The place was first mentioned as Csaba in 1263 . The name was spelled slightly differently on medieval documents, but the municipality only received the addition Pilis- at the beginning of the 18th century. From 1274 the place belonged to the monastery of the Dominican Order on what is now Budapest's Margaret Island . At the beginning of the Ottoman occupation of Hungary in the 16th century, Csaba was destroyed and only settled again in the 1690s. In the 18th century Slovak settlers first settled in Piliscsaba , and during Maria Theresa's reign also Danube Swabian settlers. At the beginning of the 19th century, the Germans made up the largest population group in town.

In 1808 Csaba came into the possession of the then Palatine of Hungary, Joseph of Austria . After his death, his son Joseph Karl Ludwig inherited a large estate on which he built the Klotildliget villa district named after his wife Clotilde , which initially attracted mainly officials from the capital. Starting with the Lazarist order, five monastic orders also settled in Piliscsaba from 1898. Joseph Karl Ludwig gave the Lazarists his palace in memory of his late son Ladislaus , which from then on functioned as a monastery.

Towards the end of World War II , the Soviet Red Army entered Piliscsaba on December 25, 1944. In 1946 a large part of the German-speaking population was expelled to southwest Germany , and in the following year many Slovak residents also emigrated to Czechoslovakia . In return, Hungarians from Transylvania settled in Piliscsaba.

On the site of the former barracks, which was used by the Hungarian army from the end of the 19th century and by the Soviet army from 1957 to 1990 , a new campus of the Péter Pázmány Catholic University, designed by Imre Makovecz , was built after the political change . In 1994 the Faculty of Humanities and Social Sciences at the University of Budapest moved to Piliscsaba.

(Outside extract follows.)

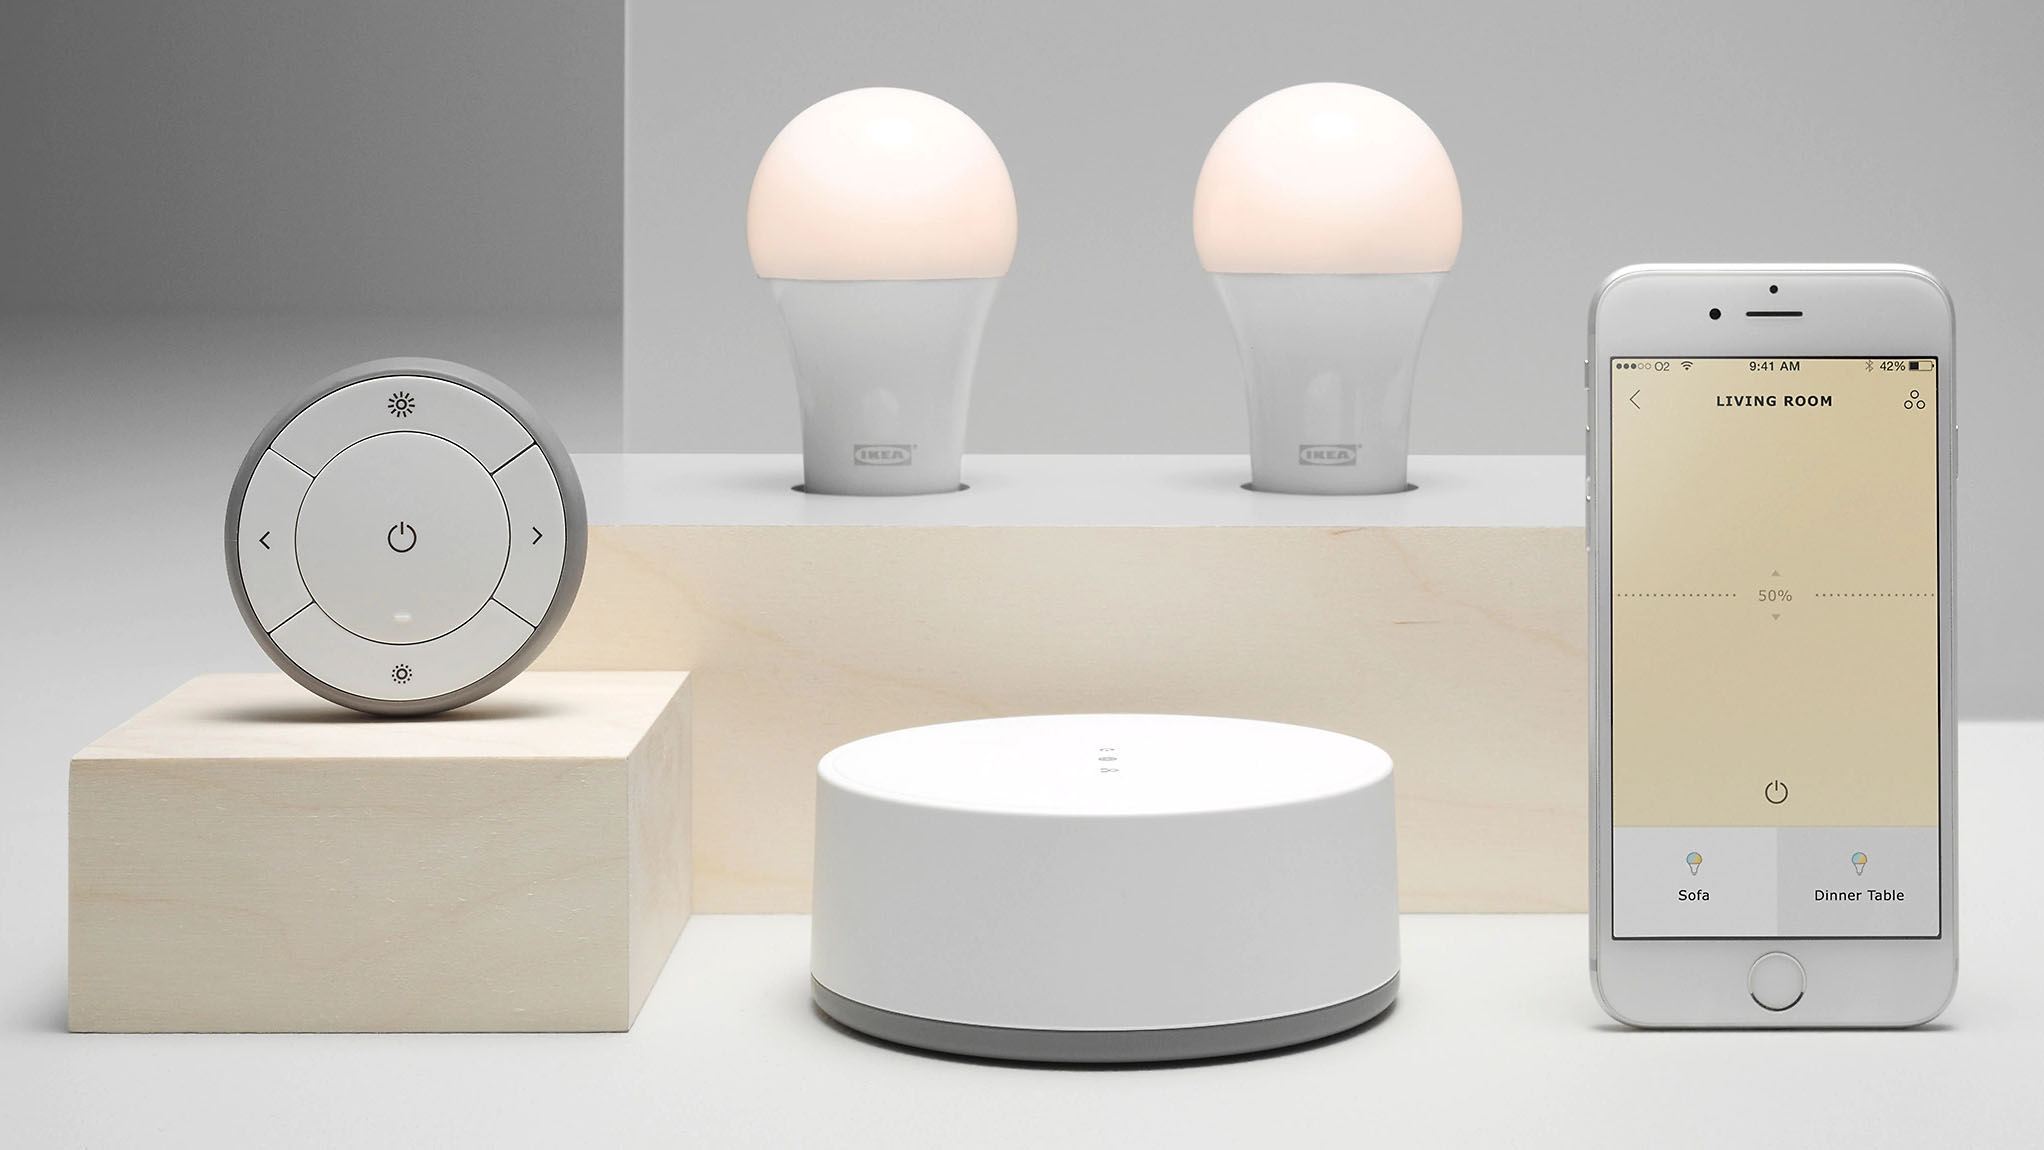 Produkter i IKEA Trådfri-serien står uppställda på ett vitt bord.

Piliscsaba has had town charter since 2013.

Town twinning

Attractions

  • Roman Catholic Church Szűz Mária , built in 1728 in baroque style
  • Szűz Mária Roman Catholic Chapel , built in 1898, opposite the Catholic Church
  • Reformed church in the Klotildliget district, built in 1939
  • Stefaneum , main building of the Faculty of Humanities and Social Sciences of the Péter Pázmány Catholic University, built in 1995 according to plans by Imre Makovecz
  • Dévényi Antal-kilátó lookout tower on the top of Nagy-Kopasz (447 m)

traffic

The 10-es főút , which connects the city with Pilisvörösvár and Dorog , runs through Piliscsaba . The city is connected to the Budapest-Nyugati - Esztergom railway every half hour (as of 2020) . In addition to the Piliscsaba train station, there are three other stops in the city ( Pázmáneum , Klotildliget and Magdolnavölgy ). In addition to the direct trains from Budapest-Nyugati to Esztergom, Piliscsaba is connected with regional trains from Budapest's Angyalföld station.

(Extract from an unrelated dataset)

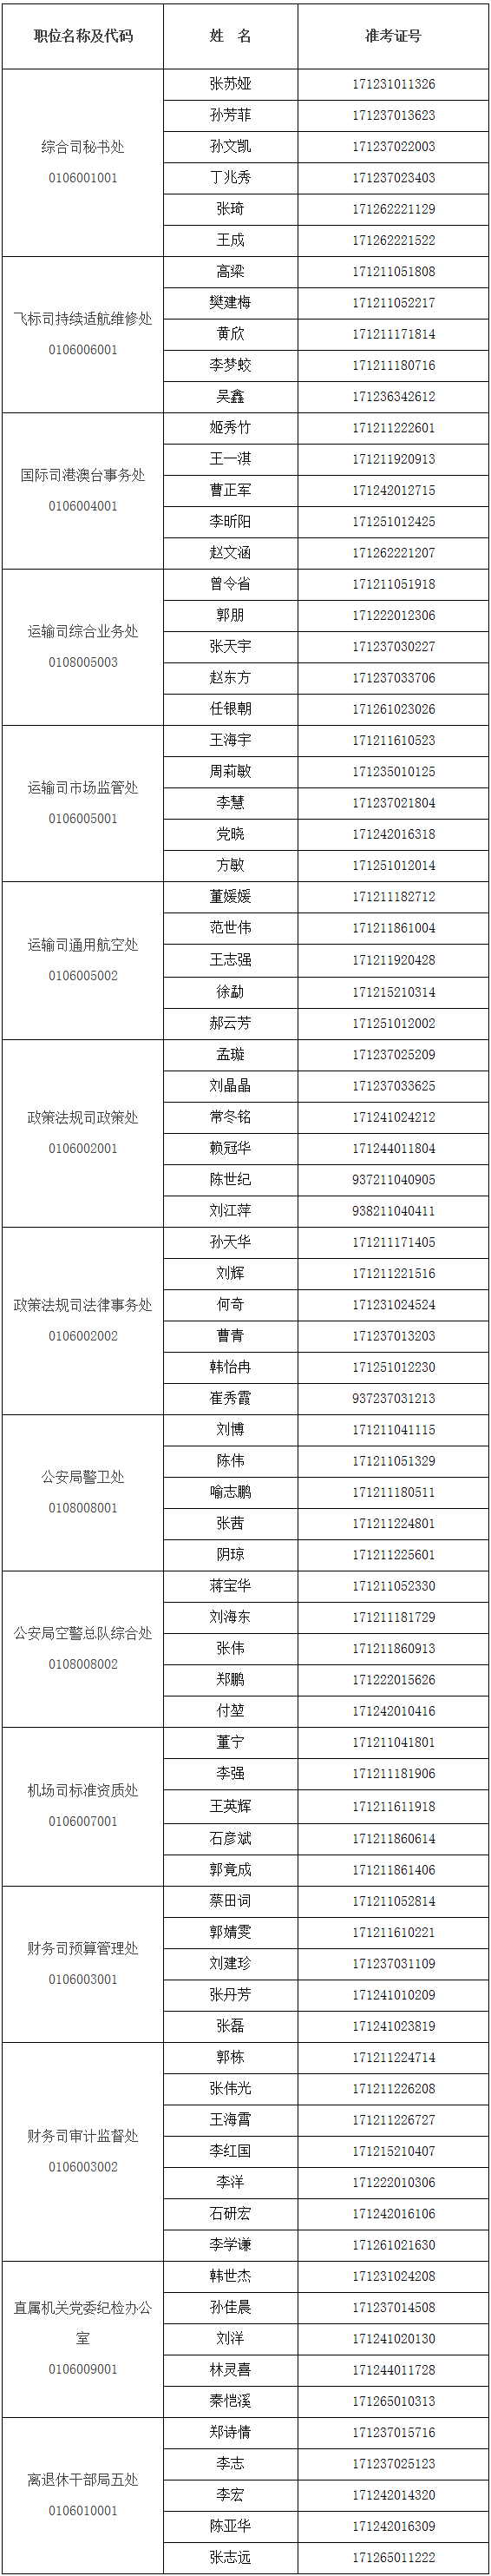 中国民用航空局面试考生名单.png

Piliscsaba is crossed by the Országos Kéktúra long-distance hiking trail , which leads from the Pilis Mountains to the Buda Hills.

Personalities

Web links

Commons : Piliscsaba  - collection of images, videos and audio files

Individual evidence

  1. History on the website of the city of Piliscsaba (Hungarian)
  2. ^ Piliscsaba in the course of political developments. In: Johann Hauck: Tschawa-Piliscsaba. 2nd Edition. Heimatverein Piliscsaba, Budapest 2000. ( online )
  3. Jonathan Glancey: Ideal dome exhibition. The Guardian, February 9, 2004, accessed April 9, 2020.